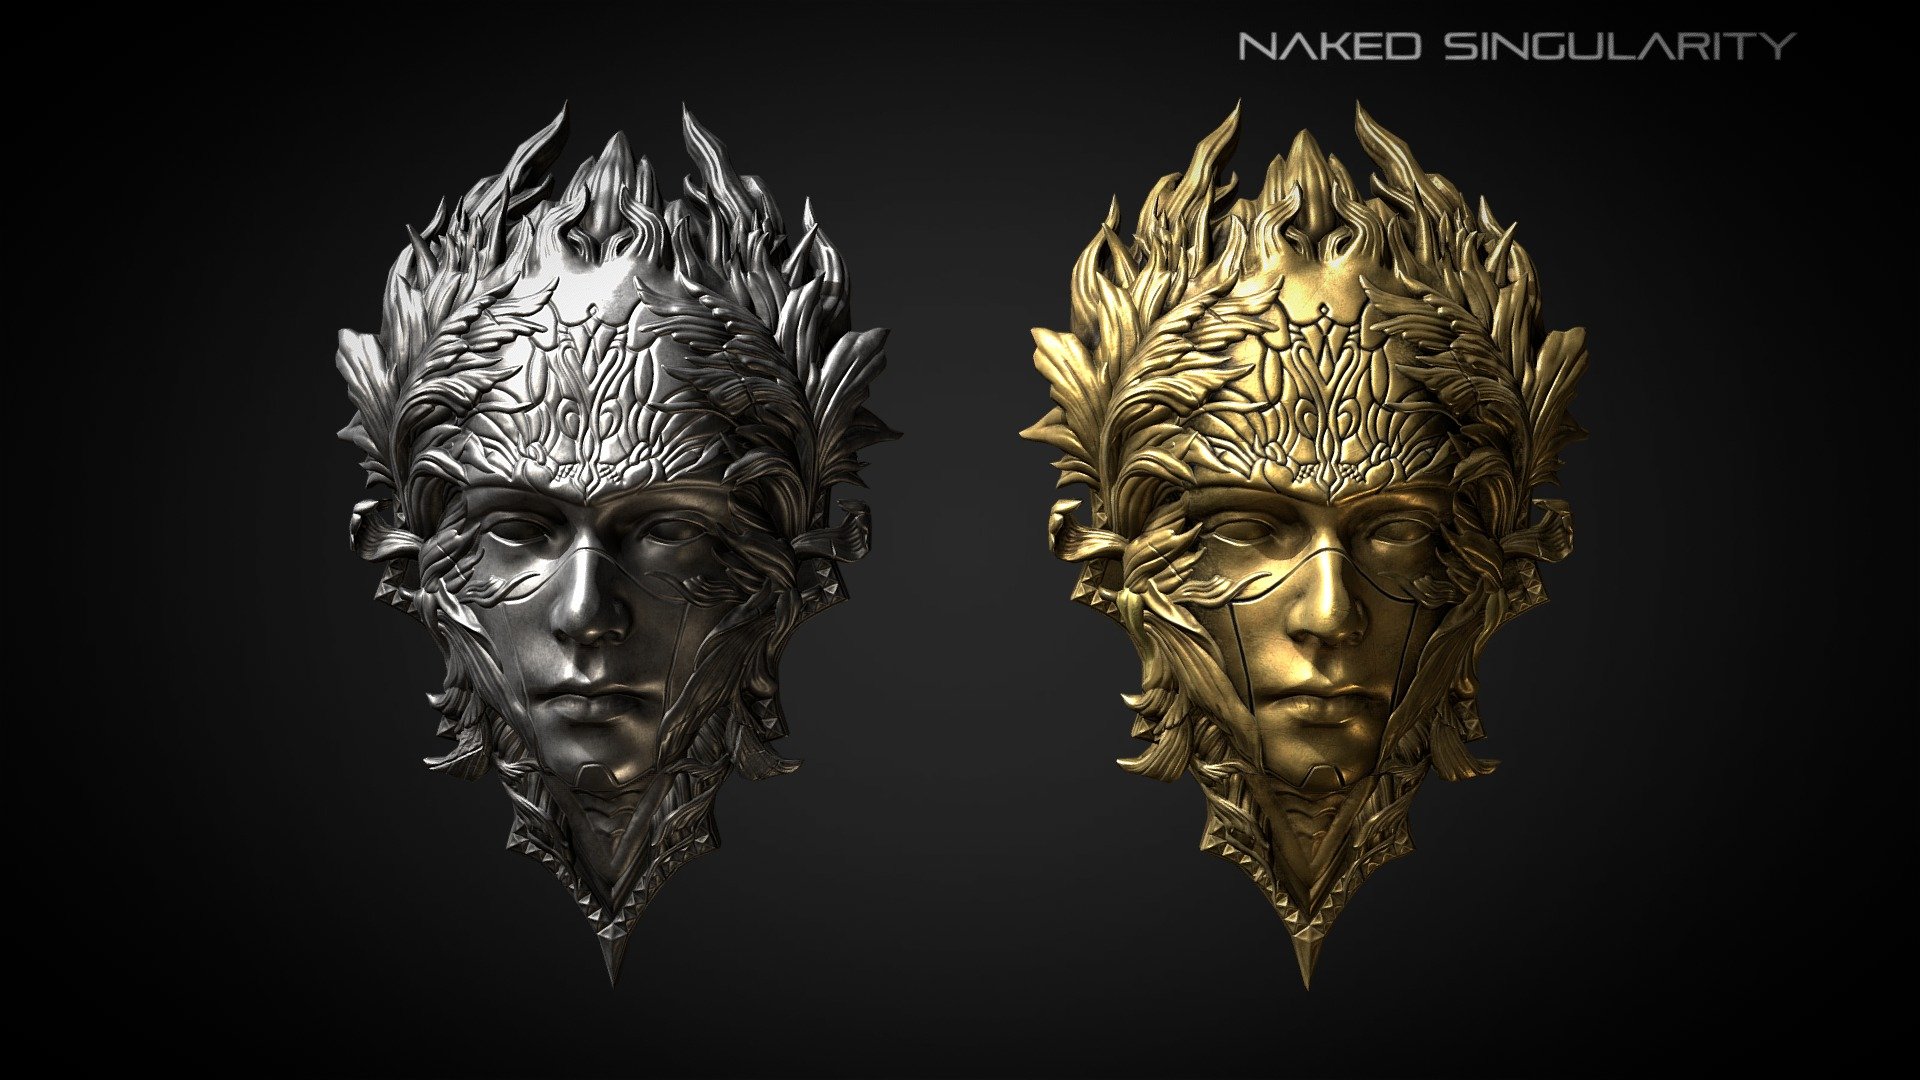 God Face Shield | Medieval dark fantasy weapon | 4K | Low poly

Original concept by Naked Singularity. Inspire by Dark Souls triology and Elden Ring




High quality low poly model.

4K High resolution texture.

Real world scale.

PBR texturing.

Check out other Dark fantasy game asset

Customer support: nakedsingularity.studio@gmail.com

Follow us on: Youtube | Facebook | Instagram | Twitter | Artstation - God Face Shield | Medieval dark fantasy weapon - Buy Royalty Free 3D model by Naked Singularity Studio (@nakedsingularity) 3d model
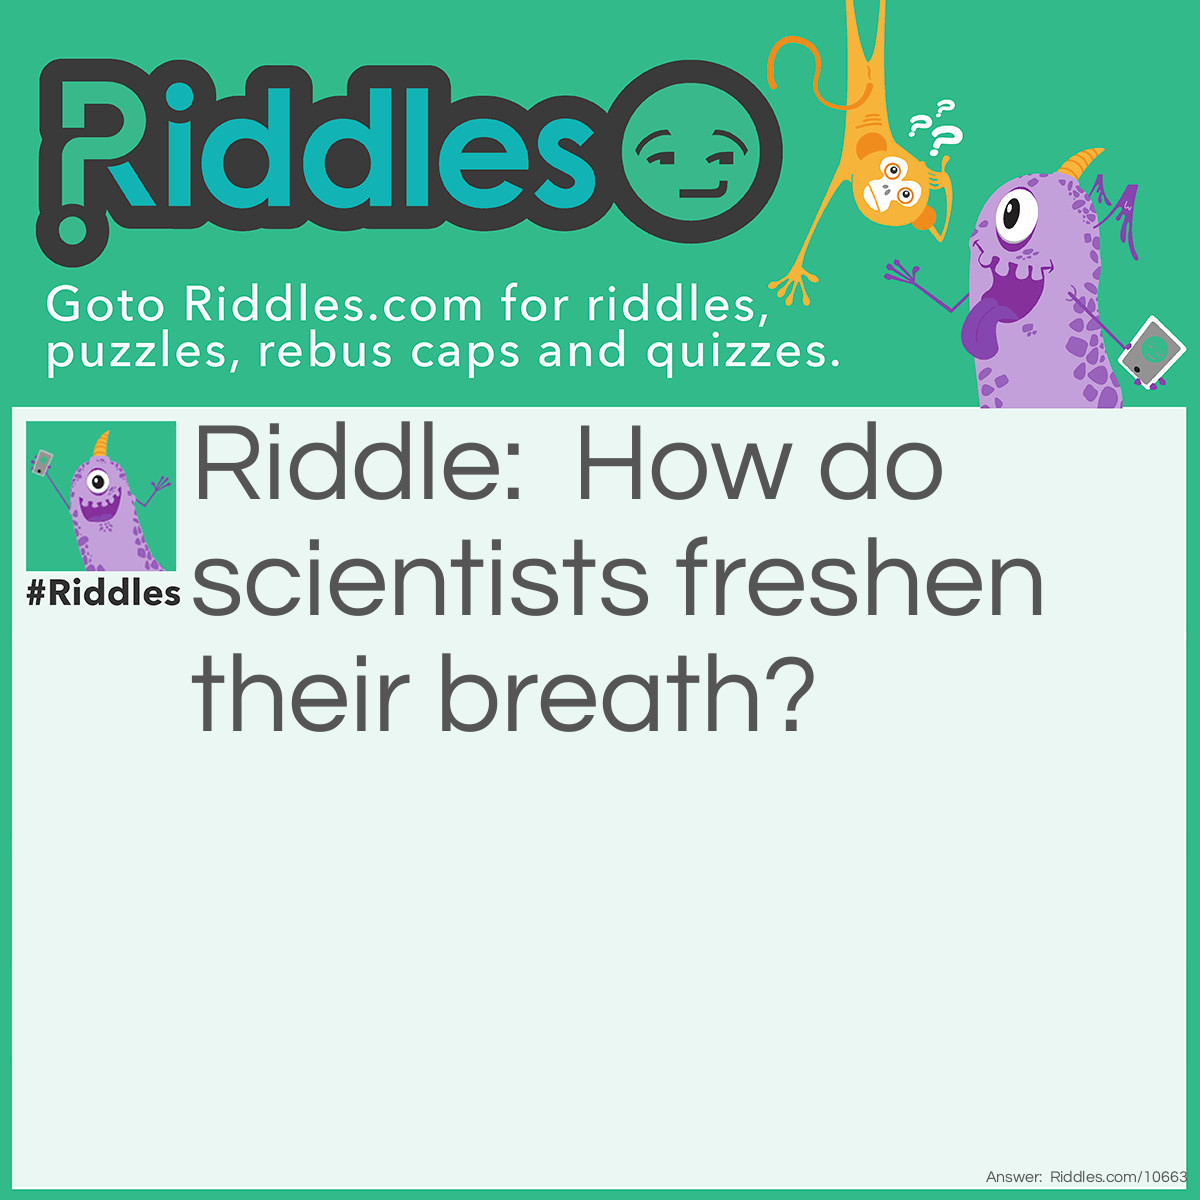 Riddle: How do scientists freshen their breath? Answer: With experi-mints.
======
Task requirements: Write the data above out again exactly, minus its pictures.

Task solution:
 God Face Shield | Medieval dark fantasy weapon | 4K | Low poly

Original concept by Naked Singularity. Inspire by Dark Souls triology and Elden Ring




High quality low poly model.

4K High resolution texture.

Real world scale.

PBR texturing.

Check out other Dark fantasy game asset

Customer support: nakedsingularity.studio@gmail.com

Follow us on: Youtube | Facebook | Instagram | Twitter | Artstation - God Face Shield | Medieval dark fantasy weapon - Buy Royalty Free 3D model by Naked Singularity Studio (@nakedsingularity) 3d model
 Riddle: How do scientists freshen their breath? Answer: With experi-mints.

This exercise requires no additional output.